864. Shortest Path to Get All Keys #
题目 #
We are given a 2-dimensional grid
. "."
is an empty cell, "#"
is a wall, "@"
is the starting point, ("a"
, "b"
, …) are keys, and ("A"
, "B"
, …) are locks.
We start at the starting point, and one move consists of walking one space in one of the 4 cardinal directions. We cannot walk outside the grid, or walk into a wall. If we walk over a key, we pick it up. We can’t walk over a lock unless we have the corresponding key.
For some 1 <= K <= 6, there is exactly one lowercase and one uppercase letter of the first K
letters of the English alphabet in the grid. This means that there is exactly one key for each lock, and one lock for each key; and also that the letters used to represent the keys and locks were chosen in the same order as the English alphabet.
Return the lowest number of moves to acquire all keys. If it’s impossible, return -1
.
Example 1:
Input: ["@.a.#","###.#","b.A.B"]
Output: 8
Example 2:
Input: ["@..aA","..B#.","....b"]
Output: 6
Note:
1 <= grid.length <= 30
1 <= grid[0].length <= 30
grid[i][j]
contains only'.'
,'#'
,'@'
,'a'-'f'
and'A'-'F'
- The number of keys is in
[1, 6]
. Each key has a different letter and opens exactly one lock.
题目大意 #
给定一个二维网格 grid。 “.” 代表一个空房间, “#” 代表一堵墙, “@” 是起点,(“a”, “b”, …)代表钥匙,(“A”, “B”, …)代表锁。
我们从起点开始出发,一次移动是指向四个基本方向之一行走一个单位空间。我们不能在网格外面行走,也无法穿过一堵墙。如果途经一个钥匙,我们就把它捡起来。除非我们手里有对应的钥匙,否则无法通过锁。
假设 K 为钥匙/锁的个数,且满足 1 <= K <= 6,字母表中的前 K 个字母在网格中都有自己对应的一个小写和一个大写字母。换言之,每个锁有唯一对应的钥匙,每个钥匙也有唯一对应的锁。另外,代表钥匙和锁的字母互为大小写并按字母顺序排列。

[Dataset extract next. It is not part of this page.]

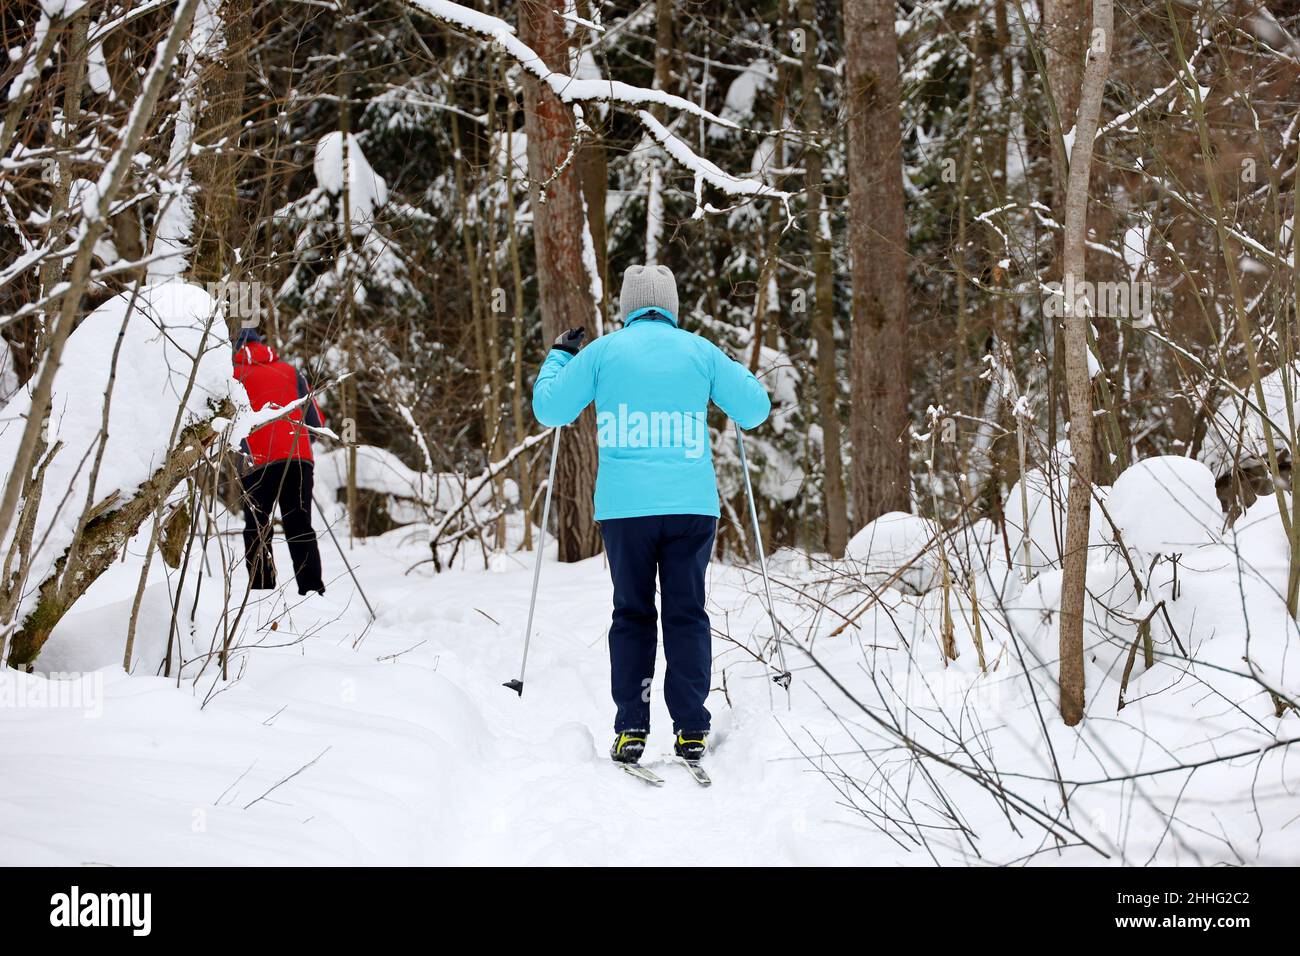 Les gens skier en forêt d'hiver.Femme skieuse marchant dans la neige à pinery Banque D'Images

返回获取所有钥匙所需要的移动的最少次数。如果无法获取所有钥匙,返回 -1 。
提示:
- 1 <= grid.length <= 30
- 1 <= grid[0].length <= 30
- grid[i][j] 只含有 ‘.’, ‘#’, ‘@’, ‘a’-‘f’ 以及 ‘A’-‘F’
- 钥匙的数目范围是 [1, 6],每个钥匙都对应一个不同的字母,正好打开一个对应的锁。
解题思路 #
- 给出一个地图,在图中有钥匙和锁,当锁在没有钥匙的时候不能通行,问从起点 @ 开始,到最终获得所有钥匙,最短需要走多少步。
- 这一题可以用 BFS 来解答。由于钥匙的种类比较多,所以 visited 数组需要 3 个维度,一个是 x 坐标,一个是 y 坐标,最后一个是当前获取钥匙的状态。每把钥匙都有获取了和没有获取两种状态,题目中说最多有 6 把钥匙,那么排列组合最多是 2^6 = 64 种状态。用一个十进制数的二进制位来压缩这些状态,二进制位分别来表示这些钥匙是否已经获取了。既然钥匙的状态可以压缩,其实 x 和 y 的坐标也可以一并压缩到这个数中。BFS 中存的数字是坐标 + 钥匙状态的状态。在 BFS 遍历的过程中,用 visited 数组来过滤遍历过的情况,来保证走的路是最短的。其他的情况无非是判断锁的状态,是否能通过,判断钥匙获取状态。
- 这一题不知道是否能用 DFS 来解答。我实现了一版,但是在 18 / 35 这组 case 上超时了,具体 case 见测试文件第一个 case。
代码 #
package leetcode
import (
"math"
"strings"
)
// 解法一 BFS,利用状态压缩来过滤筛选状态
func shortestPathAllKeys(grid []string) int {
if len(grid) == 0 {
return 0
}
board, visited, startx, starty, res, fullKeys := make([][]byte, len(grid)), make([][][]bool, len(grid)), 0, 0, 0, 0
for i := 0; i < len(grid); i++ {
board[i] = make([]byte, len(grid[0]))
}
for i, g := range grid {
board[i] = []byte(g)
for _, v := range g {
if v == 'a' || v == 'b' || v == 'c' || v == 'd' || v == 'e' || v == 'f' {
fullKeys |= (1 << uint(v-'a'))
}
}
if strings.Contains(g, "@") {
startx, starty = i, strings.Index(g, "@")
}
}
for i := 0; i < len(visited); i++ {
visited[i] = make([][]bool, len(board[0]))
}
for i := 0; i < len(board); i++ {
for j := 0; j < len(board[0]); j++ {
visited[i][j] = make([]bool, 64)
}
}
queue := []int{}
queue = append(queue, (starty<<16)|(startx<<8))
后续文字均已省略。